Филлис и Олив через силу поцеловали его. Он чуть заметно дернулся. Хамфри положил руку ему на плечо и сказал:
— Идем, сын, ты дома.
Флориану оказалось не о чем говорить с домашними. Он часами просиживал у окна, глядя в сад. Филлис изо всех сил старалась его любить. Они оба — дети Виолетты, оба молча злились на то, что ее смерть прошла так незаметно, была поглощена скорбью по Тому, так же как ее жизнь была поглощена жизнью Олив. Но ни Флориан, ни Филлис не любили разговоров о таких вещах. Ни он, ни она никогда не говорили о чувствах. Филлис один раз попыталась, неловко, запинаясь, не зная, как лучше сказать — «Виолетта» или «мама», и Флориан продемонстрировал чувства — взрыв мрачной ярости. Филлис приносила ему небольшие дары — пирожные, сладости, и он их жадно пожирал.
Днем он только сидел. Ночью он ходил. Тяжелый стук хромой ноги и зловещее ровное одышливое сипение слышалось на лестницах и в коридорах.
Как-то ночью Олив проснулась, когда он проходил мимо ее двери, и ощутила чистую ненависть. Жить с ним было все равно что с чудовищем, подменышем, демоном Потом она возненавидела себя еще сильнее, чем его. Потом отправилась за виски, стараясь не столкнуться с фронтовиком — несложная задача, потому что было слышно, где он бродит.

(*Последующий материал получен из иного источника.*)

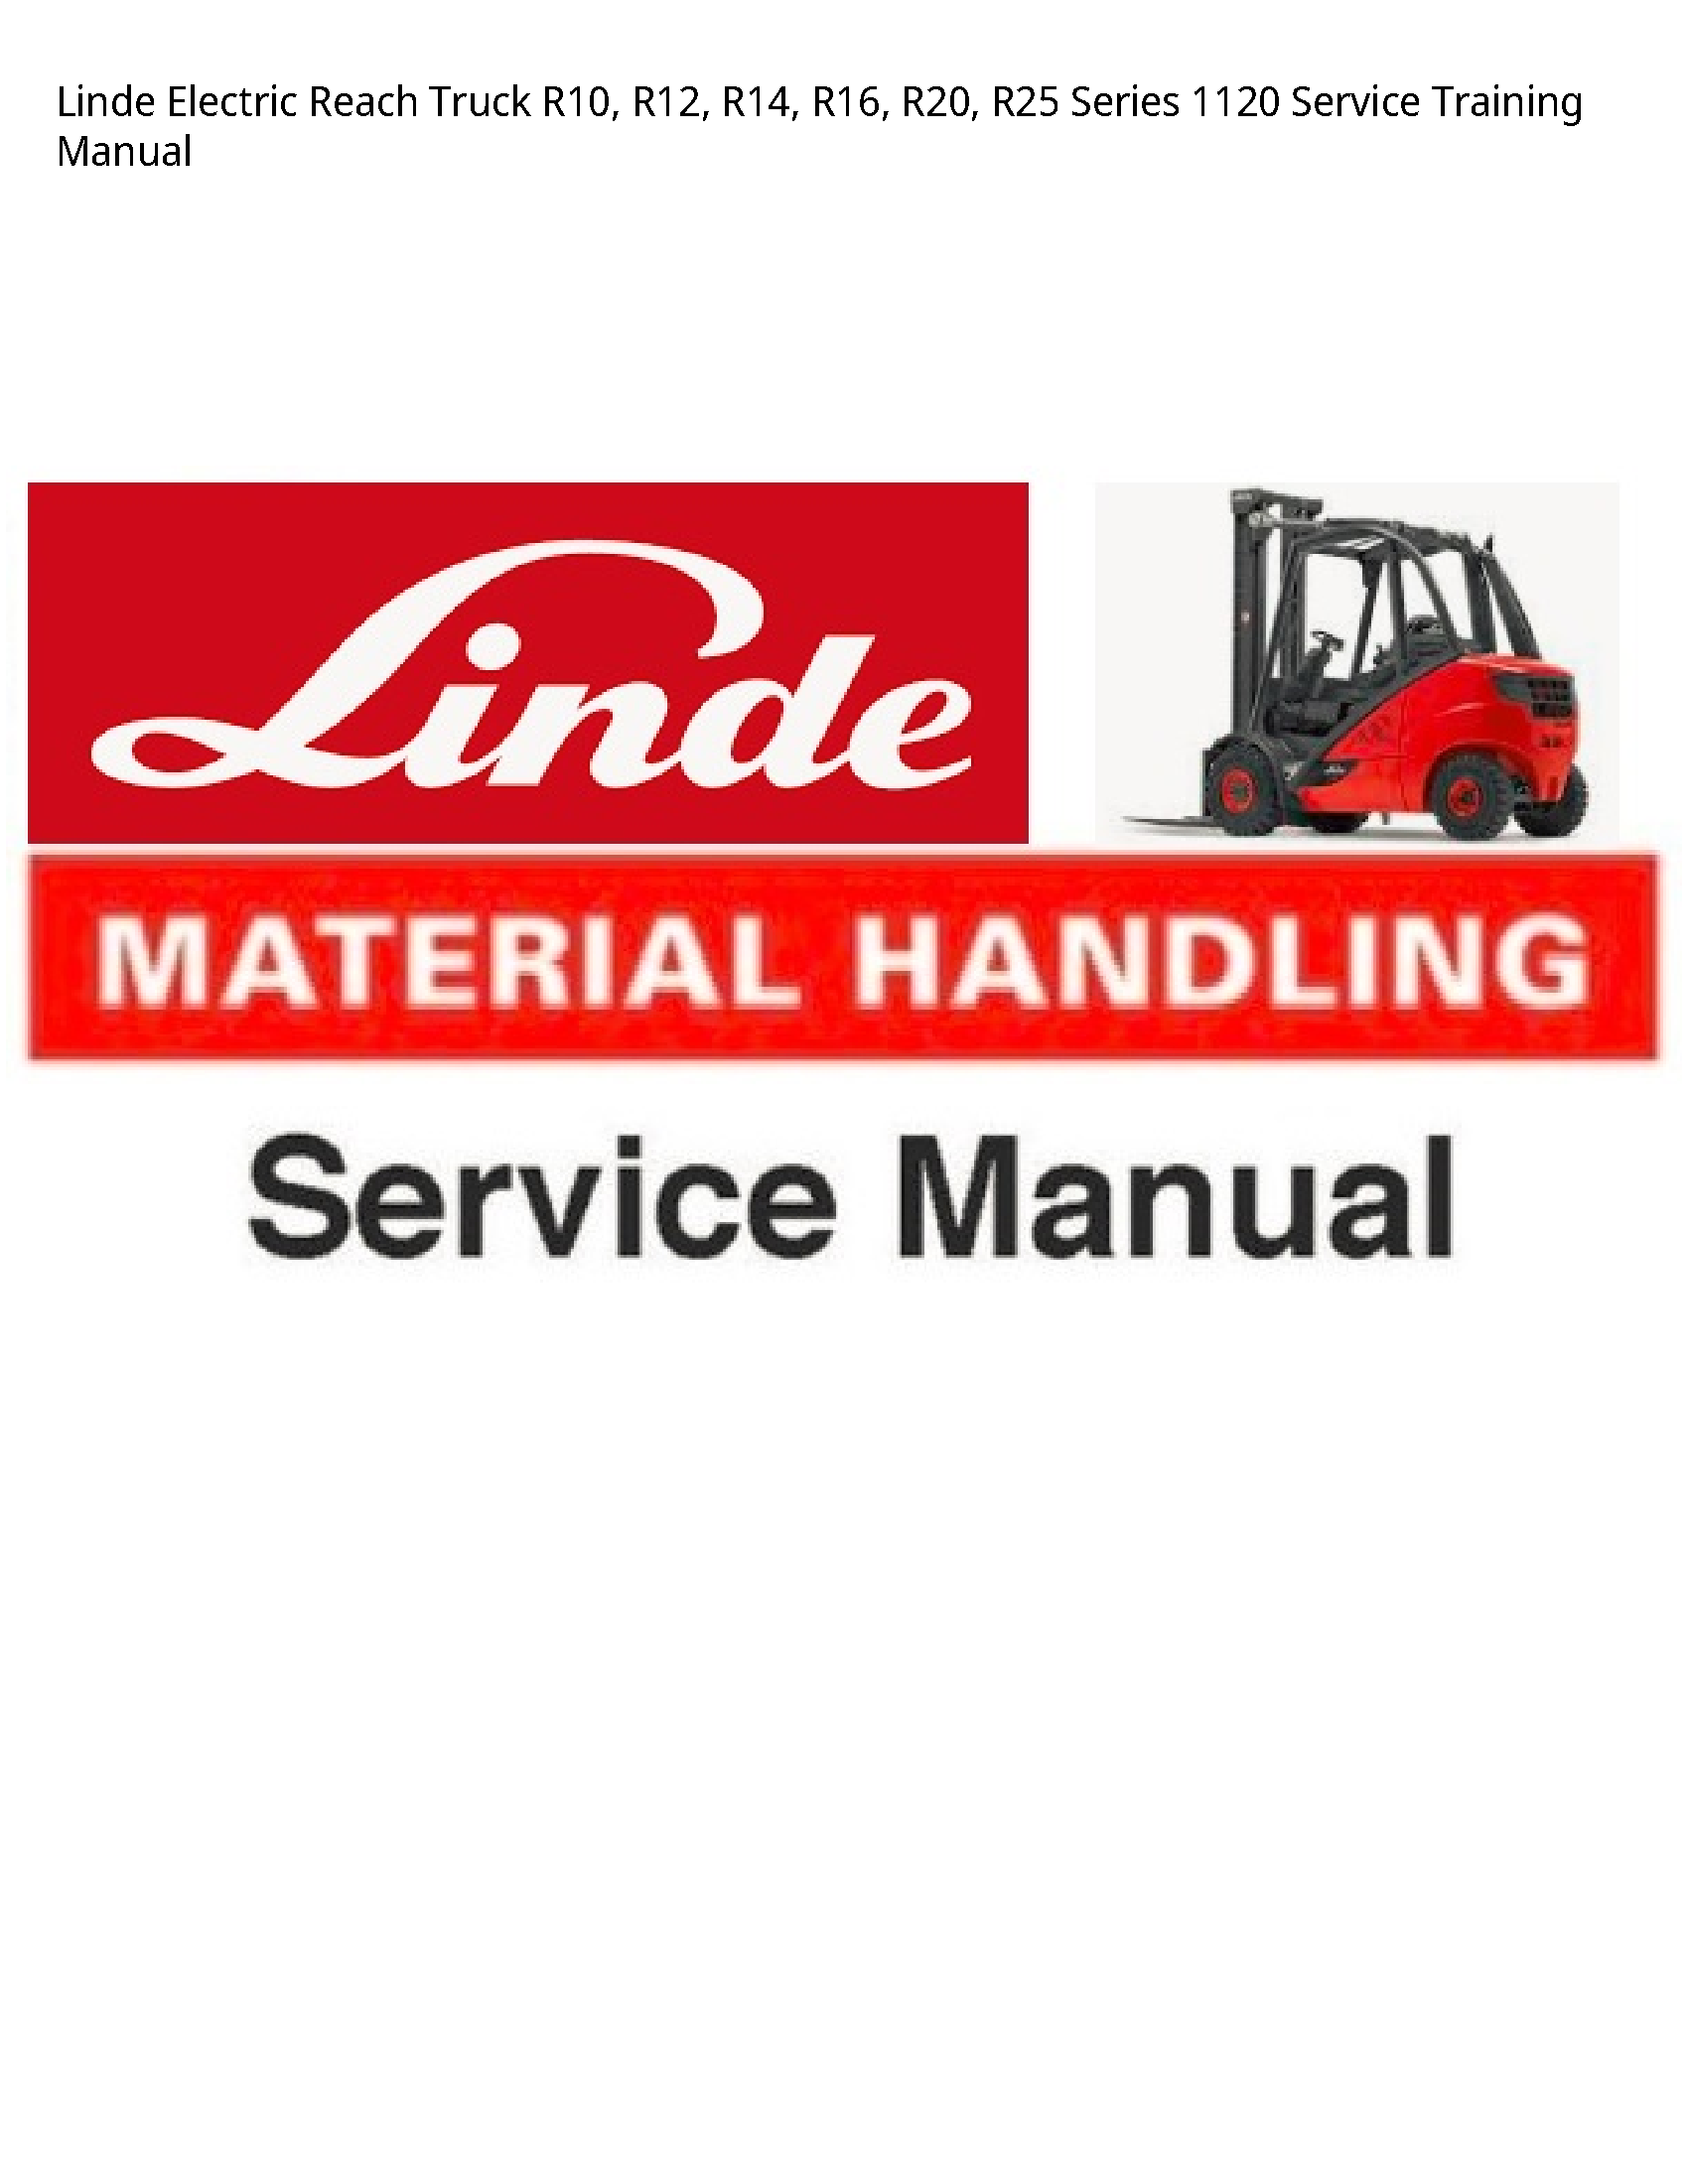 Linde R10 Electric Reach Truck Series Service Training manual

Они заметили, что он вырезает объявления из газет. Однажды он сказал, что ему предложили должность помощника учителя в школе Бедейлз, и он согласился. С мрачной, печальной ухмылкой он сказал, что умеет ставить палатки, разводить костры и всякое такое.
Домашние сказали, что он будет приезжать домой повидаться, на каникулы, и он ответил: «Да, наверно».
Филлис подумала: почему бы ей самой не уехать? И решила, что, может быть, уедет. Может быть.
Из «Поэмы призыва»
и других стихотворений Джулиана Кейна
ЛЕС
Ты в Зазеркалье, Алиса, нравится тебе здесь?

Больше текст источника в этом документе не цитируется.